ADM1 is the most commonly used method for predicting and simulating the anaerobic digestion process. This mathematical model describes the biochemical reactions and mass balances involved in anaerobic digestion and can be applied to different types of anaerobic reactors and substrates. However, ADM1 has limitations, such as high computational complexity, high data requirement, high parameter uncertainty, and low adaptability to dynamic conditions. Moreover, ADM1 is not suitable for modeling the two-stage anaerobic onsite sanitation system.
About the Research
In the present paper, the authors designed and assessed several ML-based models to predict the effluent SCOD of wastewater. SCOD is a parameter that quantifies the amount of oxygen needed to oxidize dissolved organic matter in wastewater. This parameter reflects the organic content and biodegradability of wastewater. High SCOD levels in the effluent not only affect biogas production but also pose a threat to the environment. Therefore, predicting the effluent SCOD is essential for optimizing and controlling the AD process and reducing the operational cost and time of wastewater treatment.
The study used the data collected from a laboratory-scale two-stage anaerobic treatment reactor that was operated for one year. The reactor consisted of two cylindrical chambers, the first one acting as a septic tank and the second as an anaerobic filter. It was fed with domestic wastewater. The influent and effluent parameters, such as total alkalinity, total chemical oxygen demand (CODT), SCOD, total suspended solids (TSS), Kjeldahl nitrogen (TKN), ammoniacal nitrogen (NH3-N), and nitrate nitrogen (NO3-N), were measured and analyzed.
The researchers applied linear regression, DT, RF, and ANN to predict the effluent SCOD based on the influent parameters. They also employed data pre-processing and feature selection methods to improve the quality and dimensionality of the data. Moreover, they used correlation analysis and mutual information gain to select the most important features for the prediction. ADM1 was also utilized as a benchmark model to simulate the AD process to predict the effluent SCOD and compare it with the new model.
The authors evaluated the ML models and the ADM1 model using the coefficient of determination or R-squared score (R2) and the mean absolute percentage error (MAPE). The R2 value indicates how well the model fits the data. Its value closer to 1 indicates a better fit. The MAPE value represents the average deviation of the model predictions from the actual values. Its lower value indicates a higher accuracy.
Research Findings
The outcomes showed that the ANN model performed the best among all the employed ML techniques, achieving an R2 value of 0.959 and a MAPE value of 10.63%. The random forest model ranked second, with an R2 value of 0.955 and a MAPE value of 17.83%, while the decision tree model followed as the third best, with an R2 value of 0.951 and a MAPE value of 19.23%. The linear regression model exhibited the poorest performance, with an R2 value of 0.88 and a MAPE value of 35.87%.
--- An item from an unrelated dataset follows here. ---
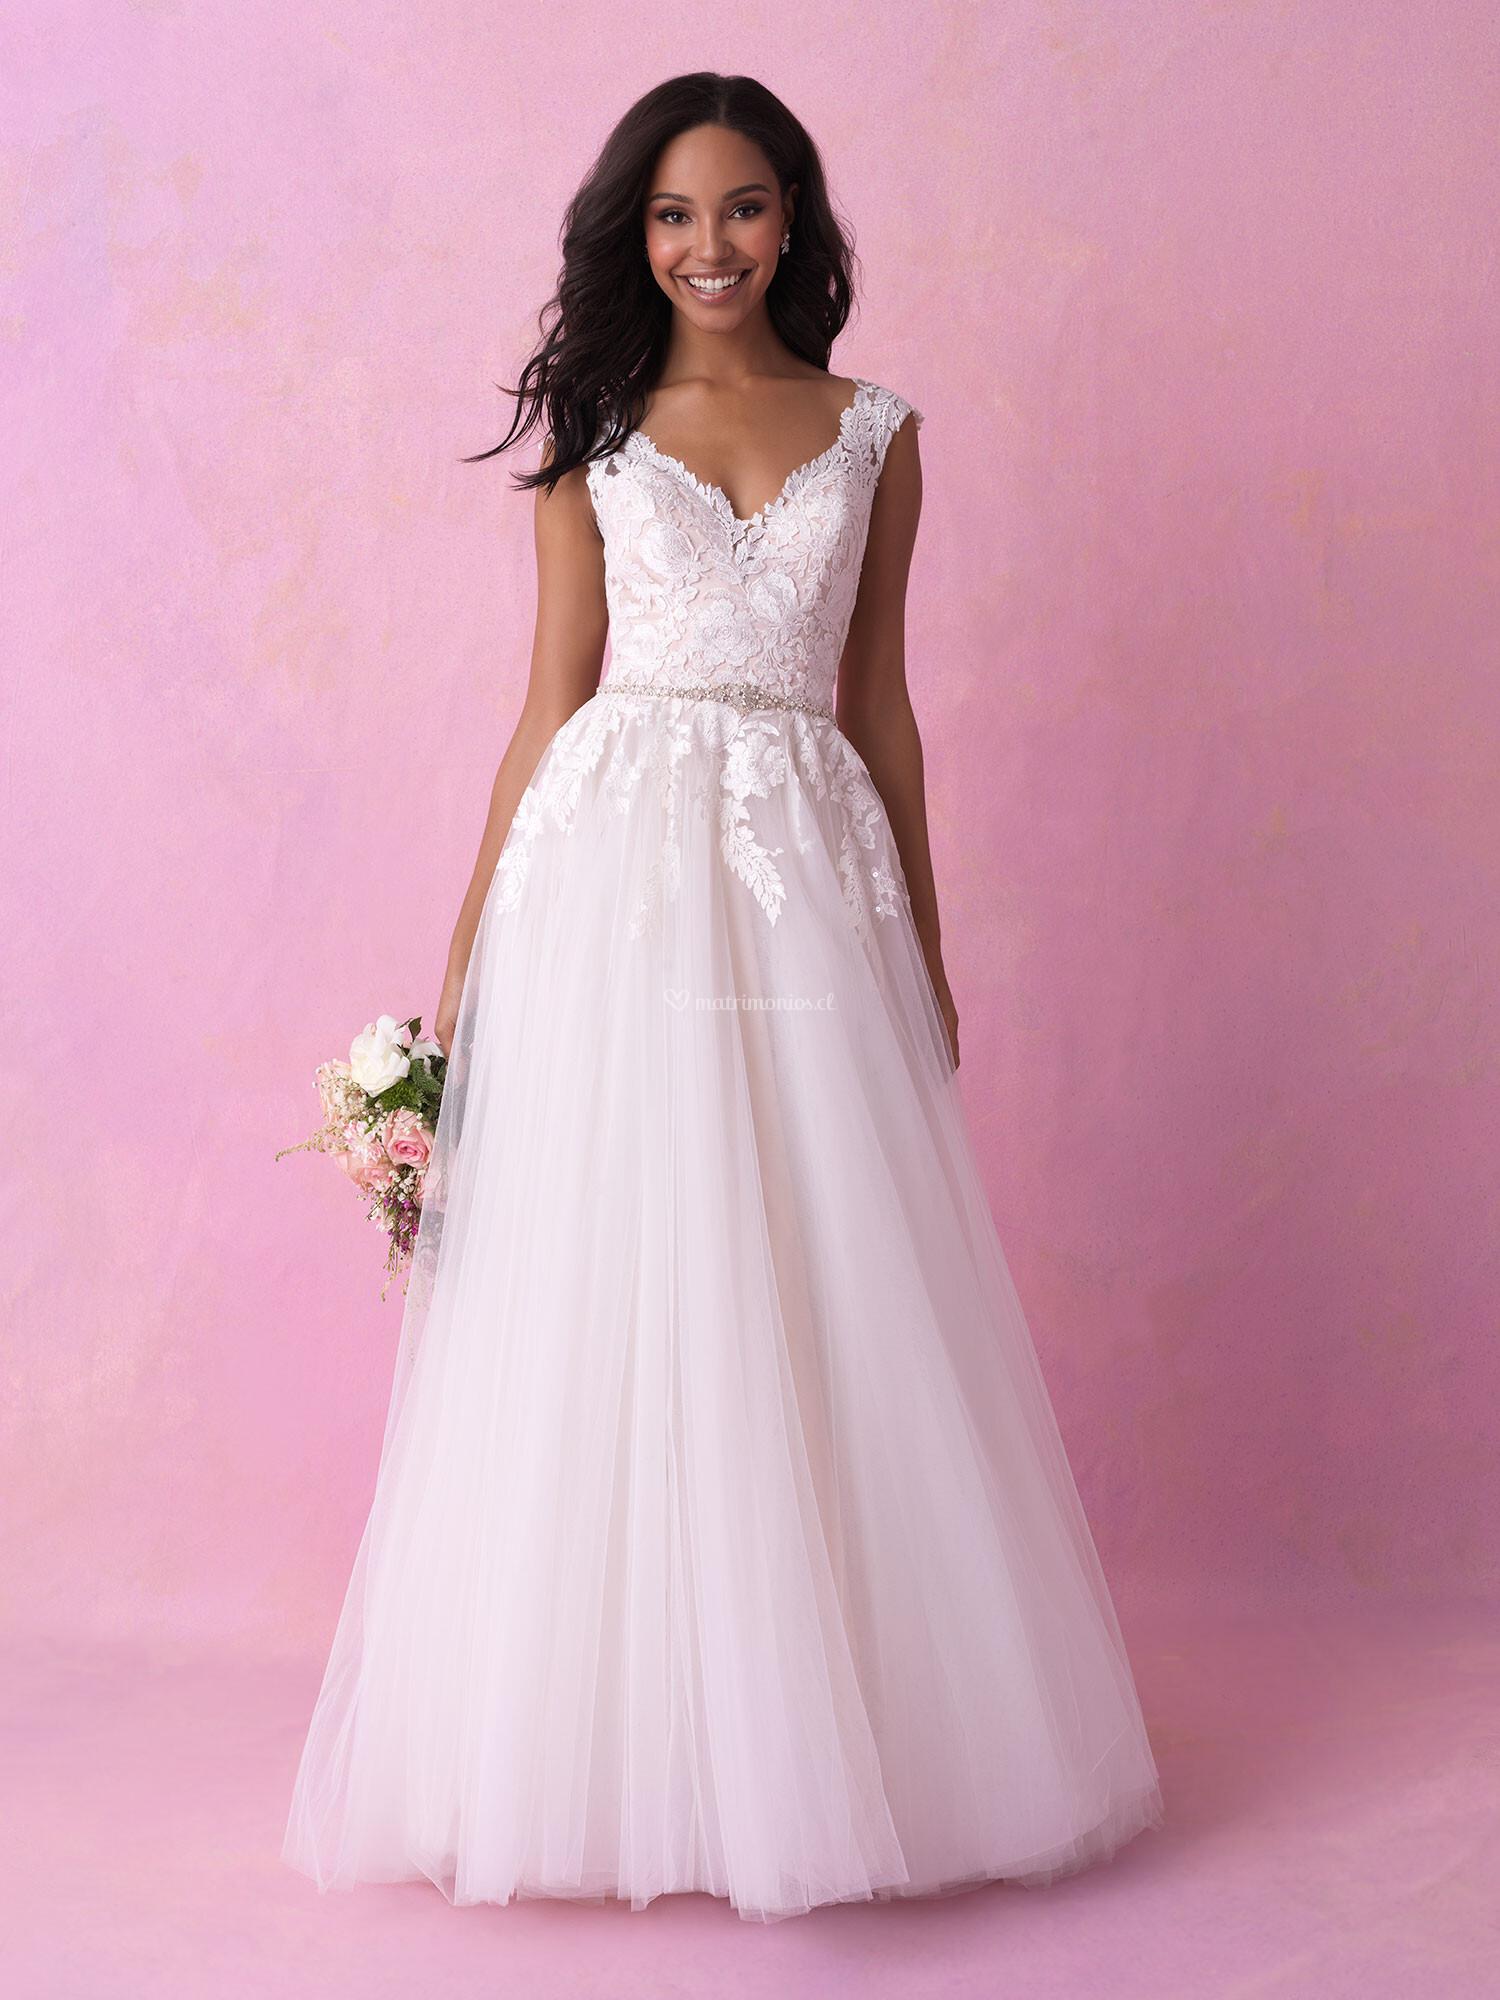 Vestidos de Novia de Allure Bridals - Matrimonios.cl

The study also found that the ML models predicted better than the ADM1 model, which had an R2 value of 0.88 and a MAPE value of 36.12%. The authors demonstrated that the ML models were superior due to their data-driven nature, which enabled them to capture the complex and nonlinear relationships between the input and output variables without requiring detailed knowledge of the process kinetics. They also highlighted the advantages of the machine learning models over the ADM1 model in terms of simplicity, speed, and reliability.
Conclusion
In summary, the ML-based novel approach to predicting effluent SCOD of wastewater is effective and efficient. It can optimize and control the anaerobic digestion process by reducing the operational cost and time of wastewater treatment and offers various benefits such as high treatment efficiency, low energy consumption, low sludge production, and low land requirements. Moreover, this can provide a simple approach for forecasting the complex process of wastewater treatment plants.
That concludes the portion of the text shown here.